### TASK TO CARRY OUT
Give the listing again word for word. Skip the pictures.

### DATA BLOCK
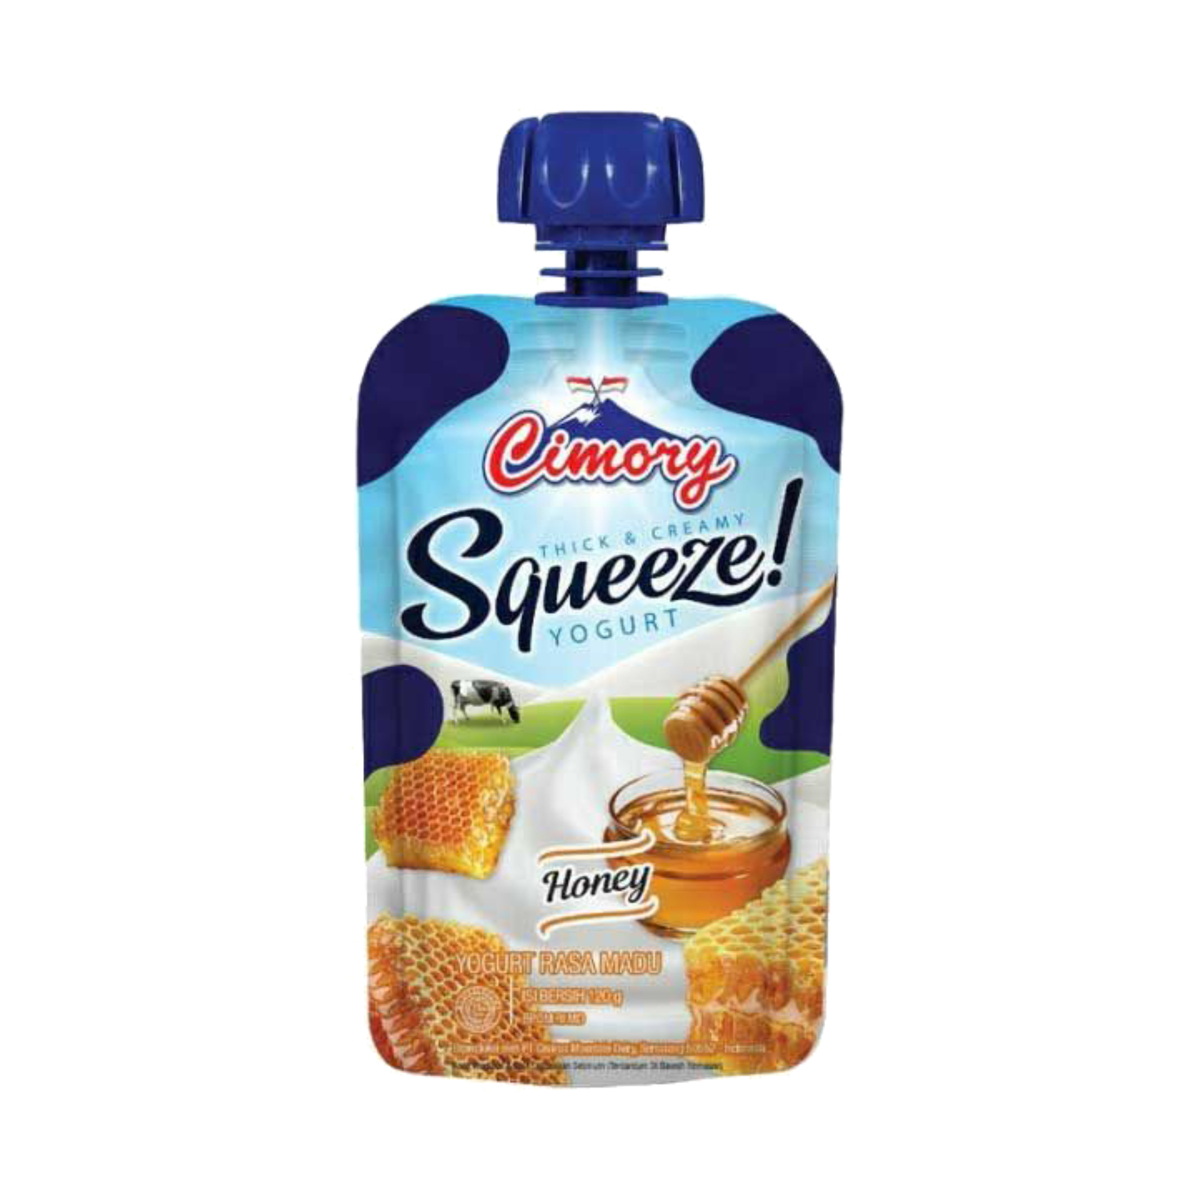 Cimory Yogurt Squeeze Honey 120ml
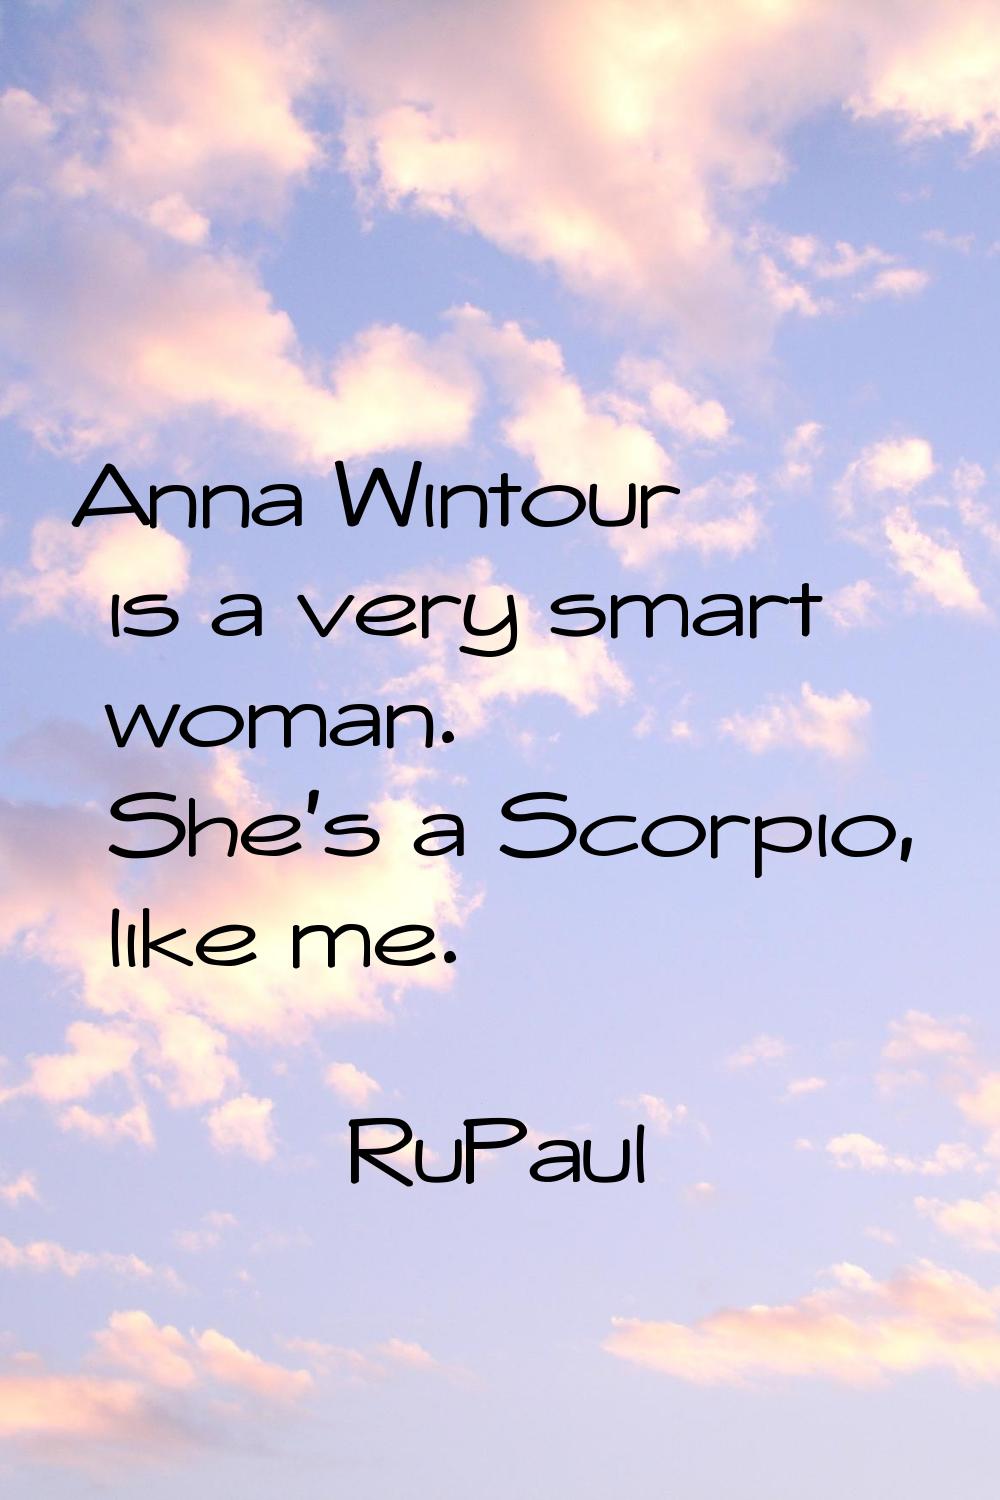 Anna Wintour is a very smart woman. She's a Scorpio, like me.
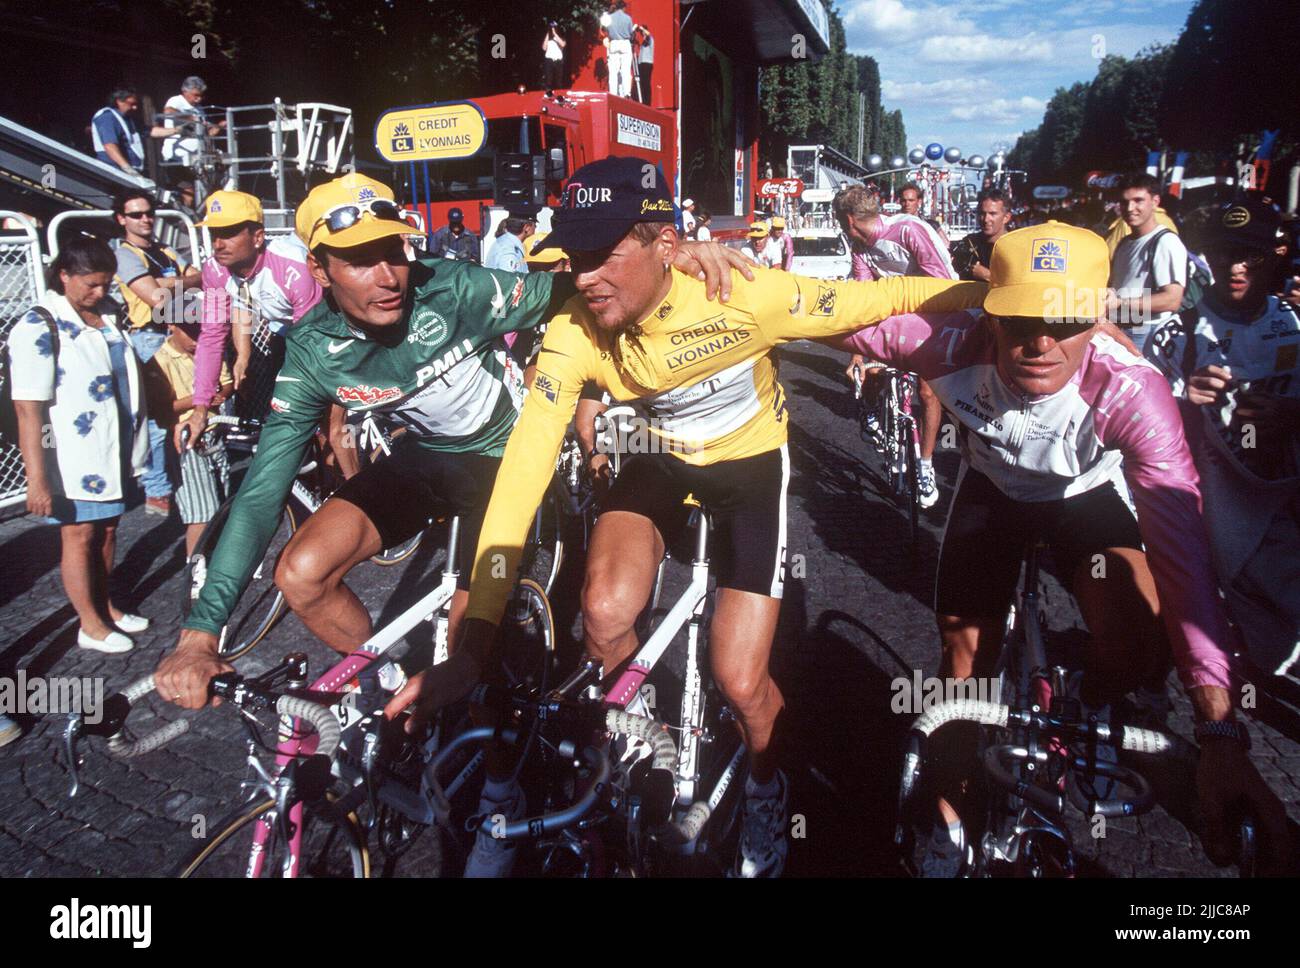 FOTO DE ARCHIVO: Hace 25 años, el 27 de julio de 1997, Jan ULLRICH ganó el  Tour de Francia, 03SN TourdeFrance 1997SP.jpg por la izquierda. Erik ZABEL,  Alemania, Team Telekom, en la
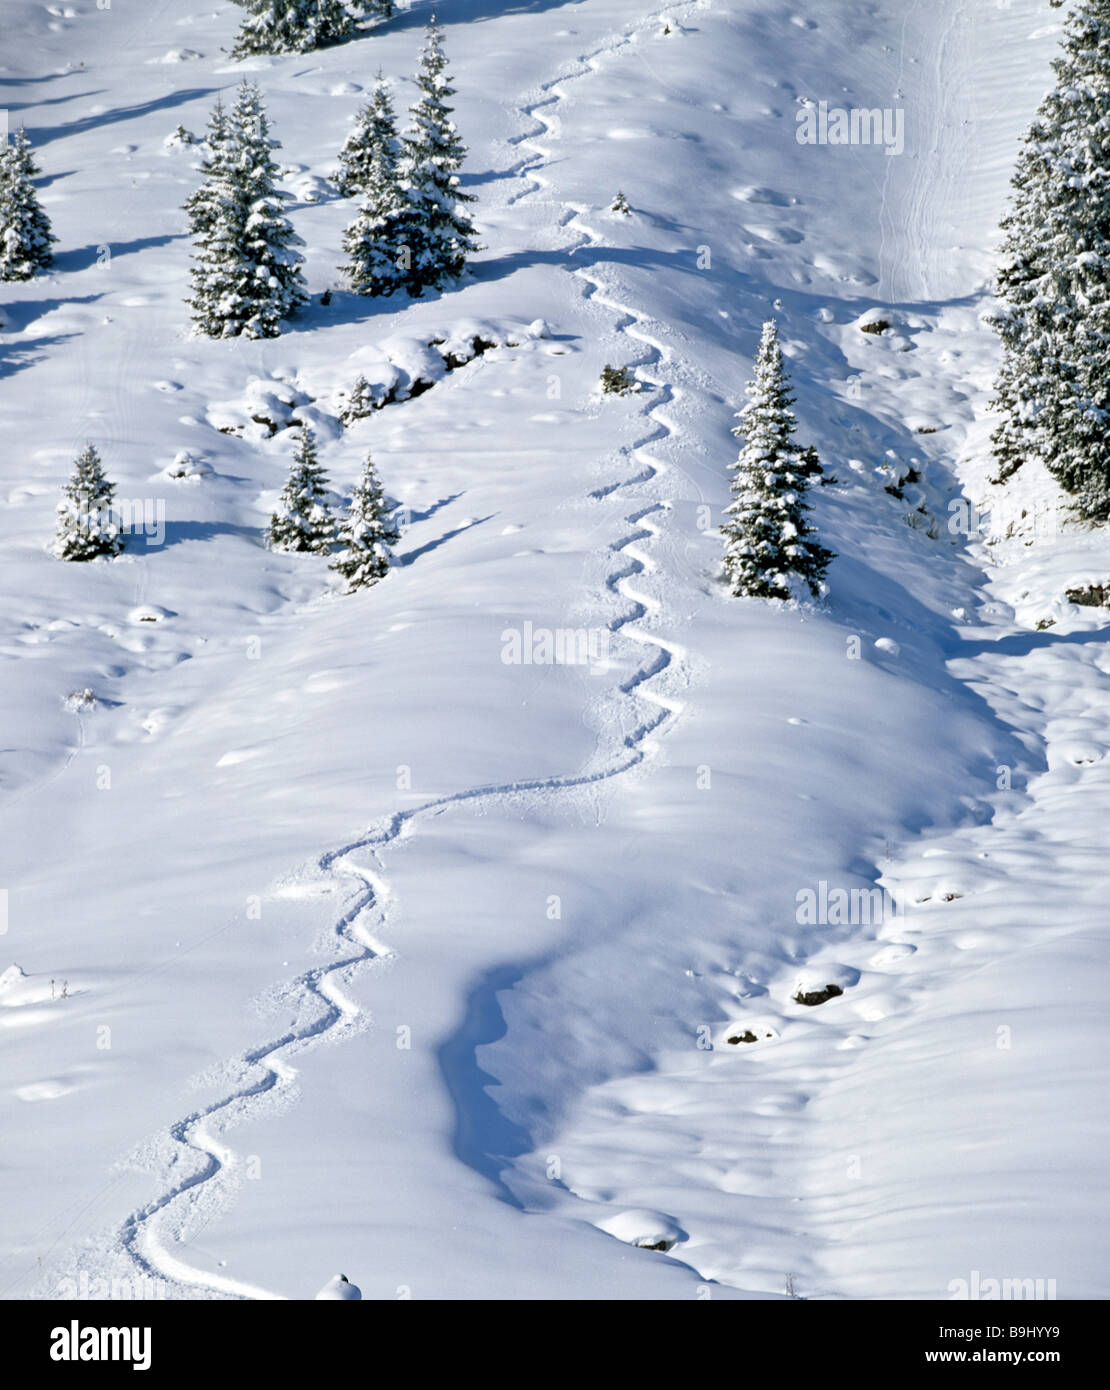 Piste di sci nella neve profonda, wedeling, snoe coperte di paesaggio invernale Foto Stock

### COMPLETED TASK
 Cimory Yogurt Squeeze Honey 120ml
 Anna Wintour is a very smart woman. She's a Scorpio, like me.
 FOTO DE ARCHIVO: Hace 25 años, el 27 de julio de 1997, Jan ULLRICH ganó el  Tour de Francia, 03SN TourdeFrance 1997SP.jpg por la izquierda. Erik ZABEL,  Alemania, Team Telekom, en la
 Piste di sci nella neve profonda, wedeling, snoe coperte di paesaggio invernale Foto Stock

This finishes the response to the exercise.